Pazartesi Mayıs 20, 2024

Bahar heryere ve hep gelecek

“Maalouf, ‘insan geçmişin yok olması karşısında kendini kolay avutabilir ama, geleceğin yok olmasını kaldıramaz’ diyor. Benim gibiler için de sorun burada başlıyor. Zira, benim gibilerin geçmişi bir yana geleceği de ‘yok olduğu’ görülüyor” yazmıştı Günay Aslan, 20 yıl sonra “Dönüş Bileti” aldığında.

Sürgünler Meclisi’nin kurulmasının ardından, Günay Aslan’ın bu yazısındaki açıklığı, samimiyeti, gerçeği yazmadaki cesareti; kendimizi nasıl tanımlayacağımıza yardımcı koca bir çakıl taşıydı!

Brecht’in sürgünde yaşamışlığının ardından, bir araba tekerleğine bakışı, yazdığı şiir; “nereden geldiği, nereye gittiği belirsiz” geçmiş-gelecek kavramlarının silikleşmesini anlatışı!

Yıllarca, bir ülkeden bir ülkeye, parasız-sigortasız-oturumsuz kaçmakla ömrü geçen, Almanya’da hayata gözlerini kapayabilen, Yahudi şair Hilde Domin’in sürgün yıllarına ilişkin yazdığı; “Sürgünde insan acayip bir zaman kavramsızlığının içerisinde bulur kendisini. Zaman hissi ülkendeki gibi mevcut değildir artık. Dışındaki ülkesizliğe katlanmak, içindeki ülkesizliğe karşı hep savaşmak zorundasındır.  Umut ve korku ülkenle sürekli bağlantı kurmaya devam eder. Sürgünde yaşayan insan, konuşmakla kendini özgürleştirmek zorundadır”.

Ve yine Yahudi katliamları sırasında sağ kurtulan, yaşamını Kudüste sonlandırmak zorunda kalan şair Else Lasker Schüler; “Sadece sonsuzluk sürgünlüğün olmayışıdır” yazar.

Hrant Dink’e öldürülmeden çok kısa süre önce bir röportaj sırasında; “elinizden alınan toprakları Ermeniler olarak geri talep ediyor musunuz, böyle bir hedefiniz olacak mı?” sorusuna, “bu ülkenin topraklarında ölebilme, gömülme hakkım olacak mı, onu bile bilmiyorum.
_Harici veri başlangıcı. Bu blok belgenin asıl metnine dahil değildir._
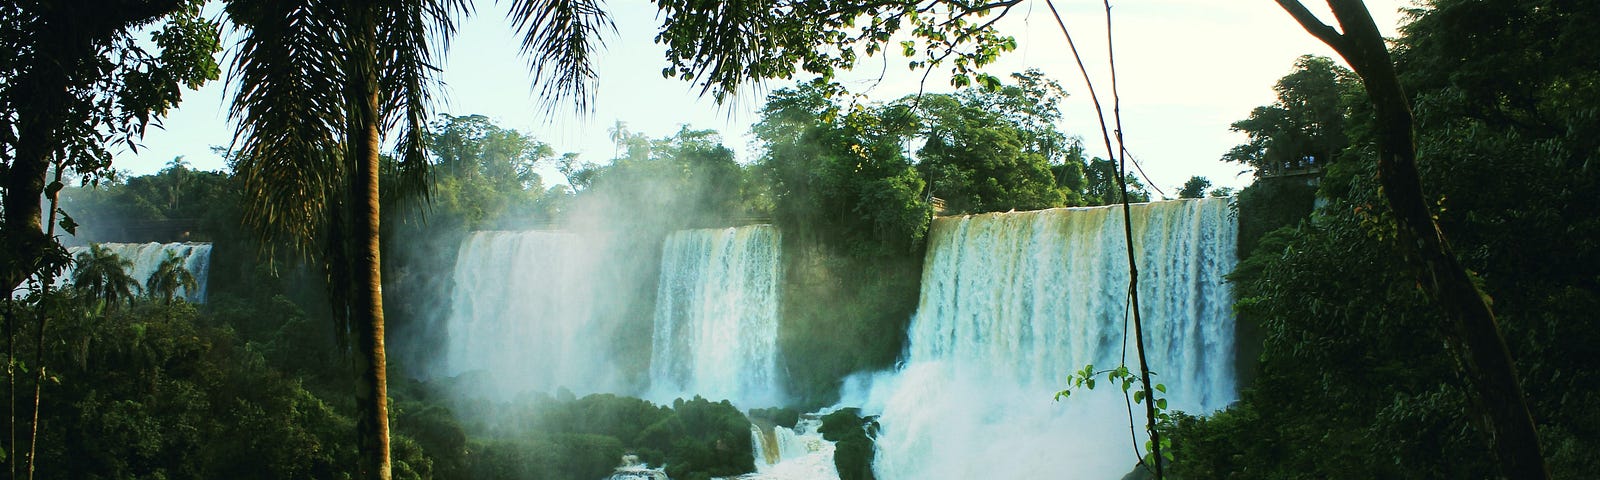 A series of waterfalls in a jungle.

Burada yaşayabilmeyi istiyorum, topraklarının mülkiyeti onların olsun” deyişi!

Ve en son alıntı, “Sürgünlük Tarihine Sorular” araştırma yazısında Engin Erkiner’in; “Politik sürgünler ve birinci kuşak göçmenler arasındaki” acı benzerlikleri sıralayışı!

“İnsan” denen canlıyı, teknoloji-sınırlar-“İnsan Hakları Beyannamesi” olmadan önce; bağı olan bütün yaşamdan, en doğal barınma ihtiyaçlarından men ederek zorla sürmüş; başka “insan” denen canlılar! Bu bir evreymiş insanlık tarihinde. Ve ardında nice ölüler bırakarak, insanlık sadece sağ kalmaya, “dilini, kültürünü” korumaya çalışmış bu zamanlarda. Gelinen çağda; savaşlar, düşünceyi ifade etmeye getirilen sınırlamalar-cezalar…daha sayabileceğimiz nice nedenlerle, insanlık yollarda! Milyonlarca insan hergün yollarda. Değişen şey; İNSANLIK KENDİSİ YOLLARA DÜŞEBİLMEKTE!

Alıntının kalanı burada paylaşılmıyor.